» INPUT DATA:
== == ==
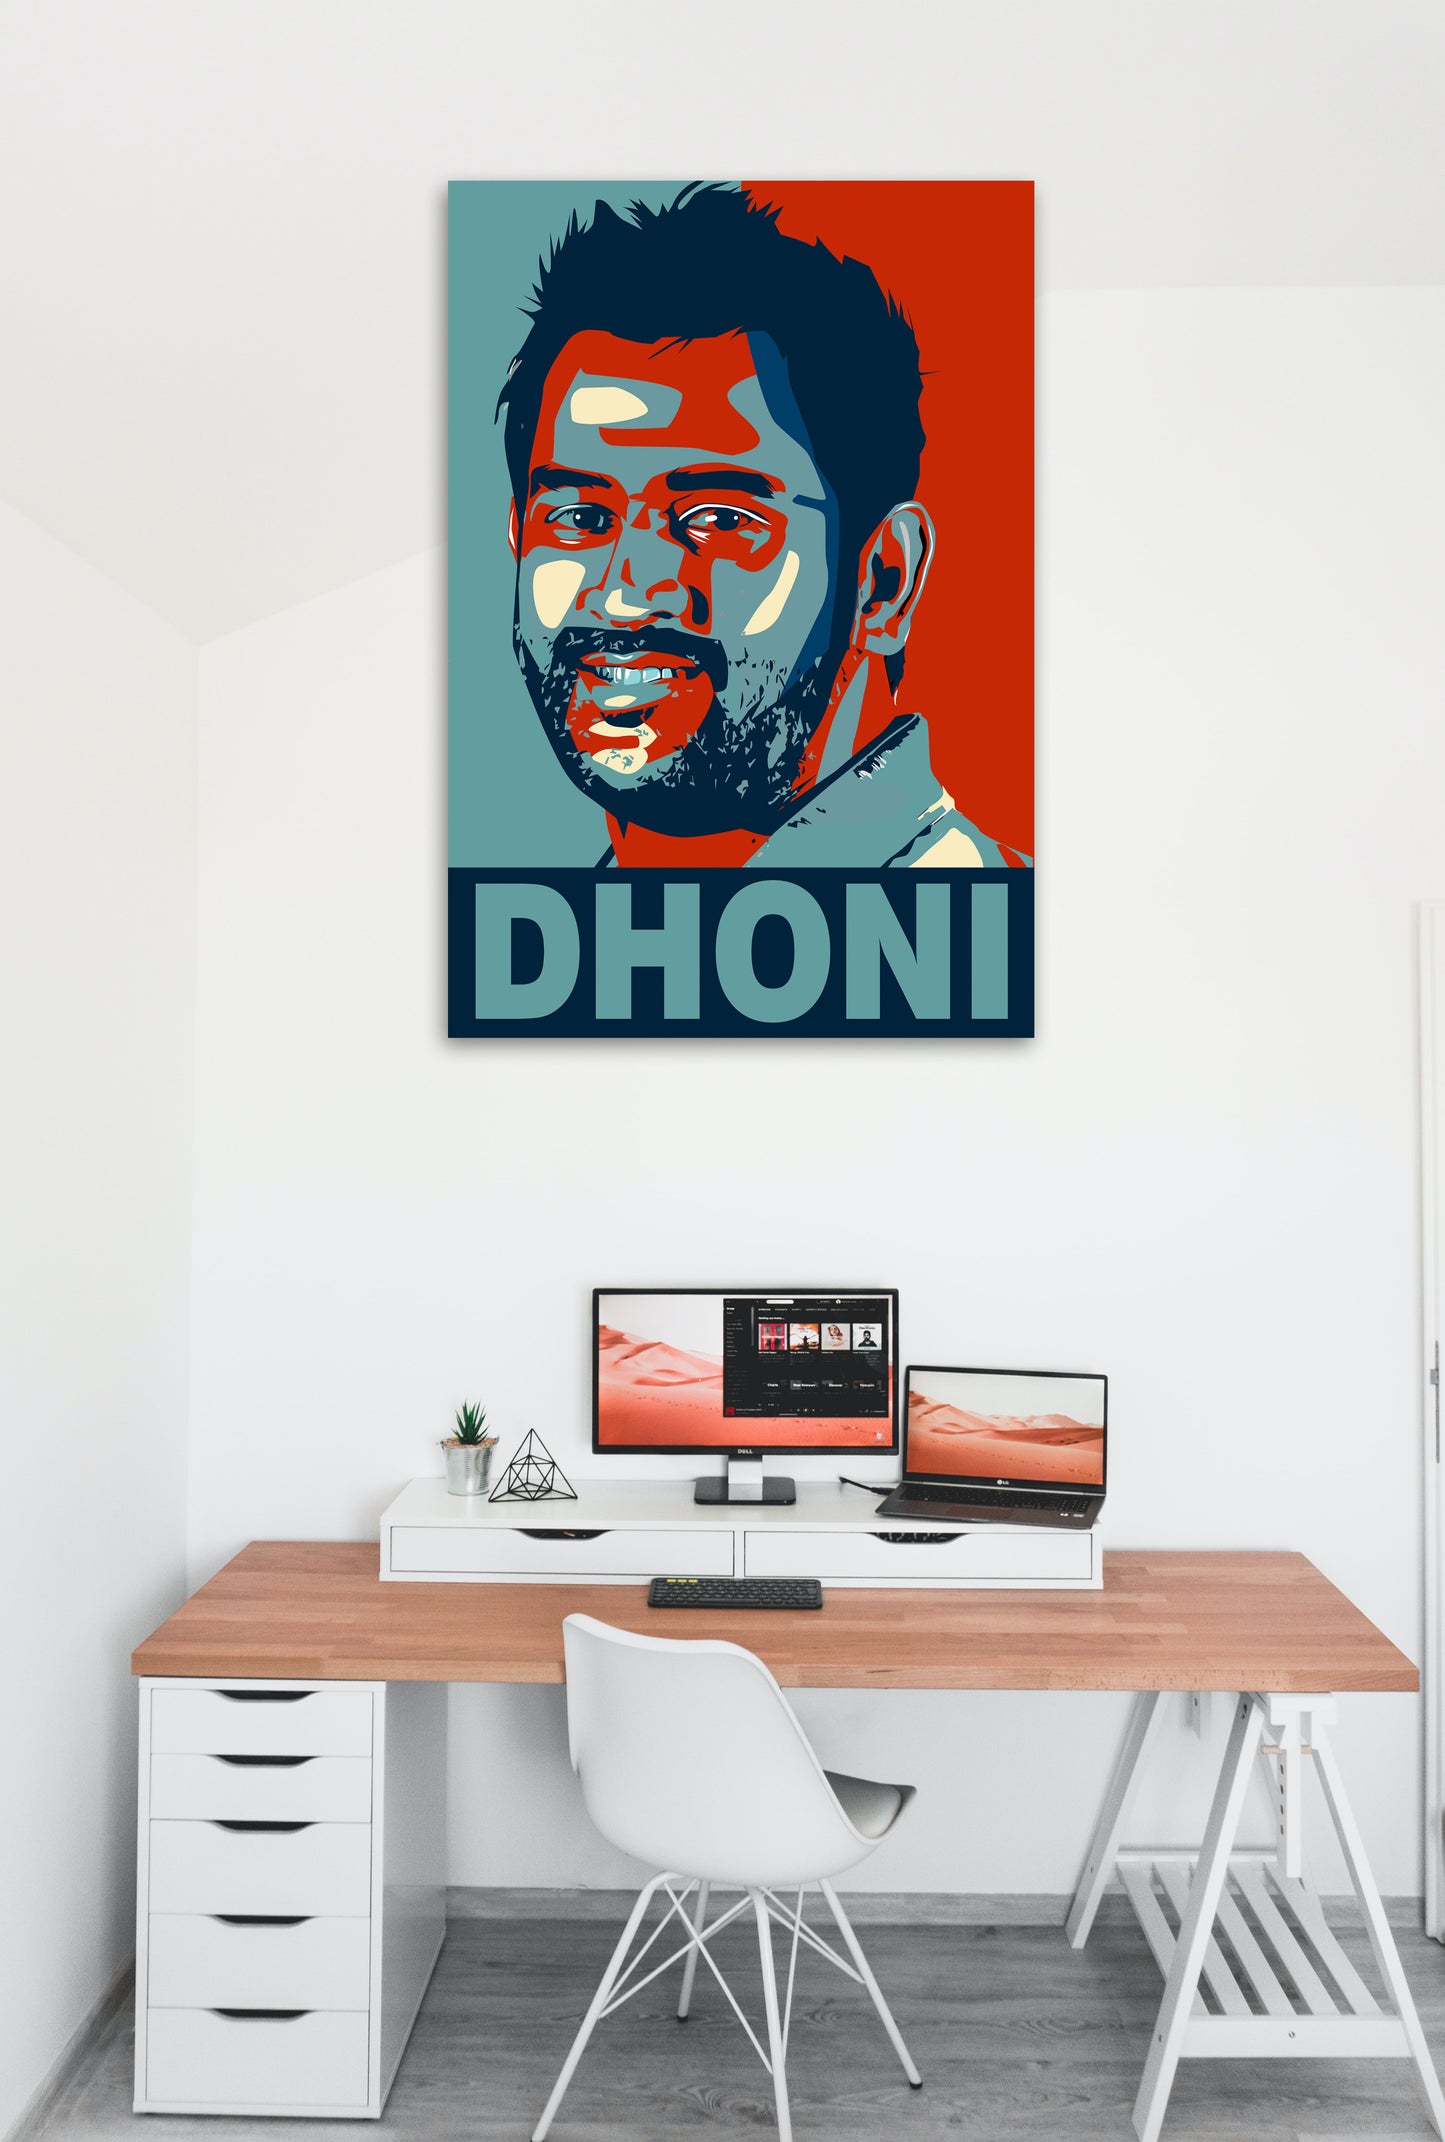 Dhoni Art work
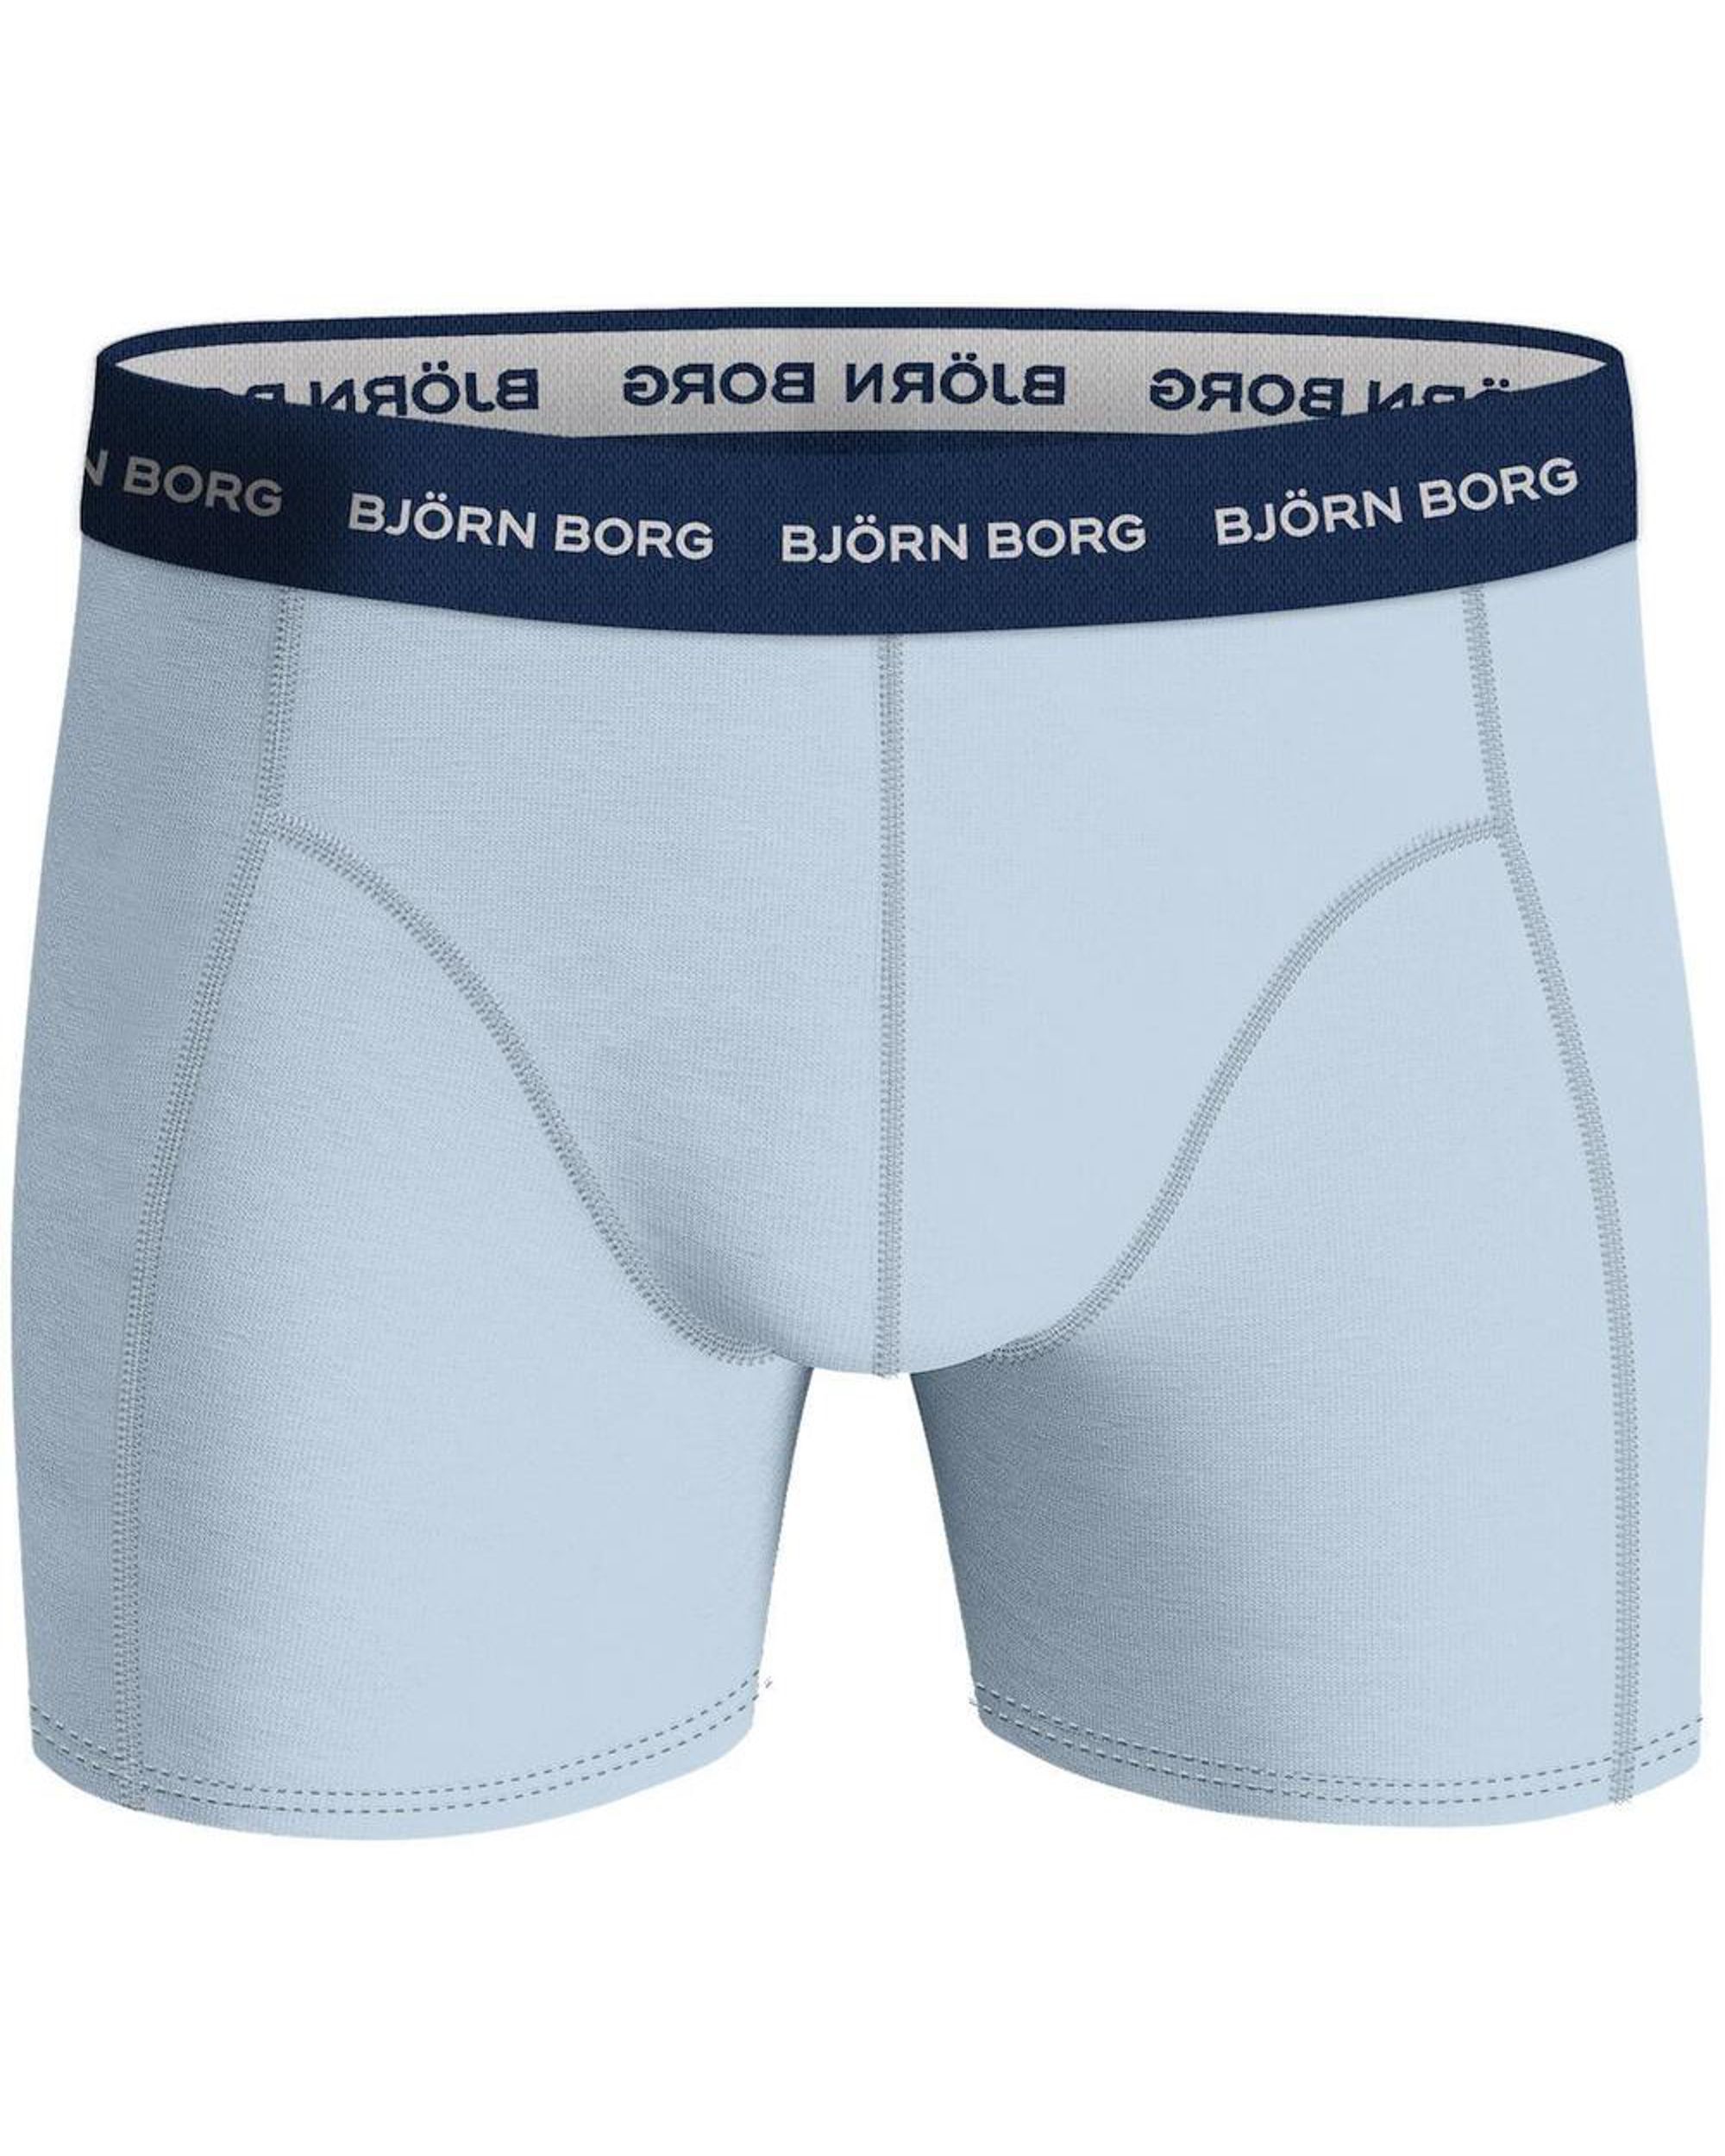 Björn Borg Boxershort Multicolor 094787-001-L
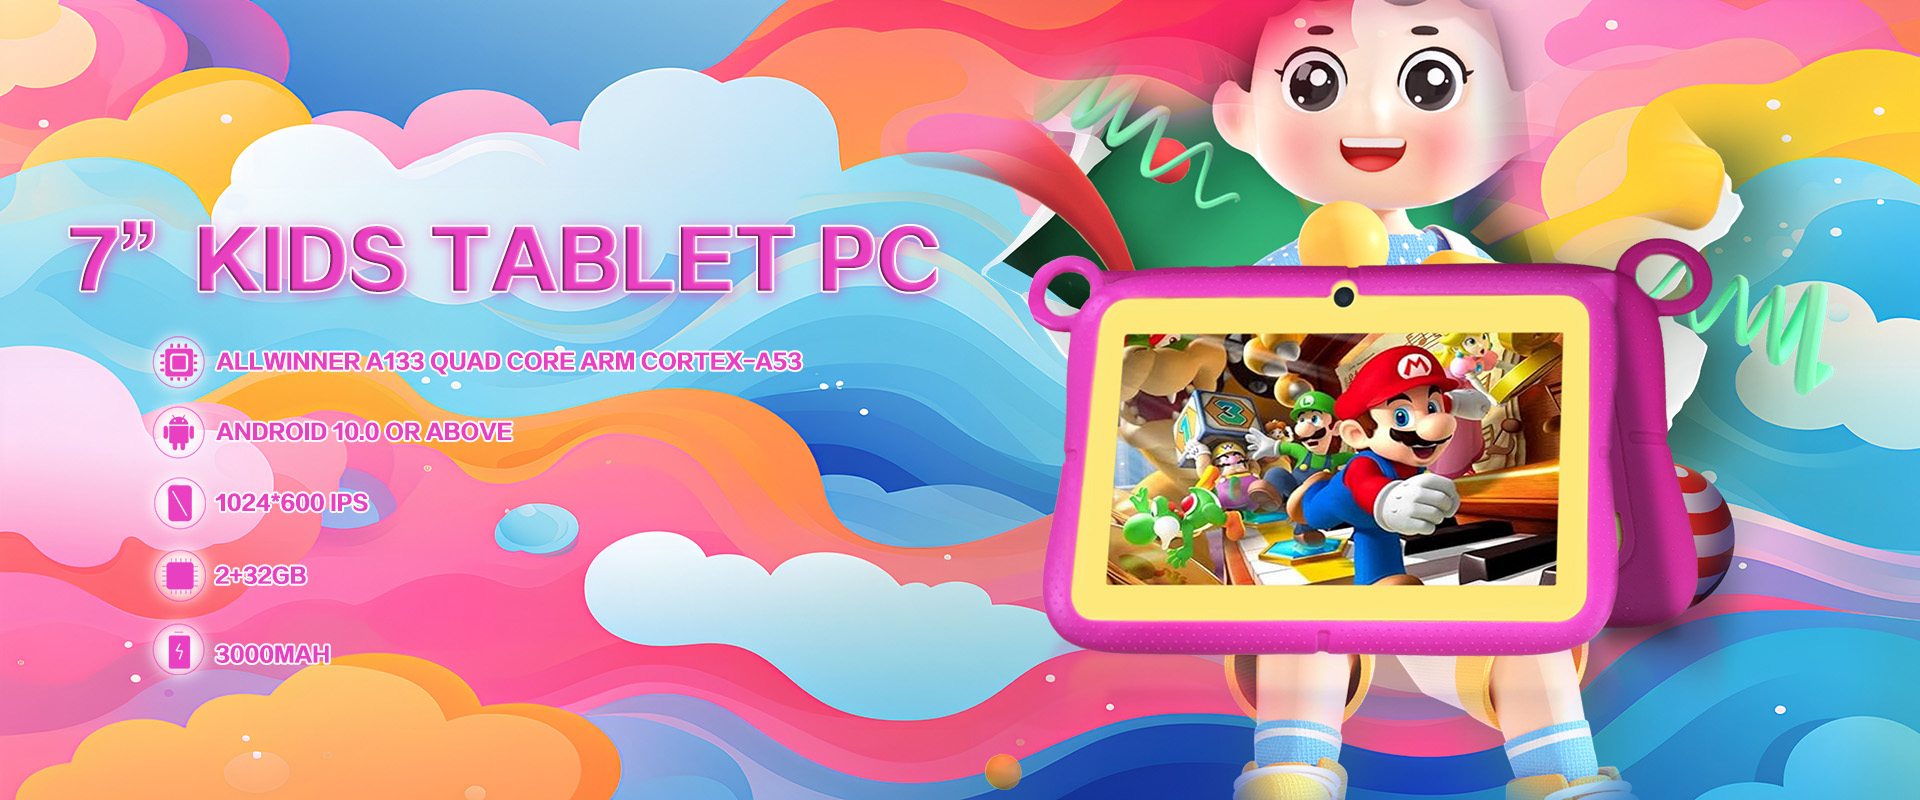 PC Tablet Anak 7''
== == ==
» TO DO: Nothing but the pictures is to be left out; the rest of the listing should be copied exactly.

» OUTPUT OF THE TASK:
 Dhoni Art work
 Björn Borg Boxershort Multicolor 094787-001-L
 PC Tablet Anak 7''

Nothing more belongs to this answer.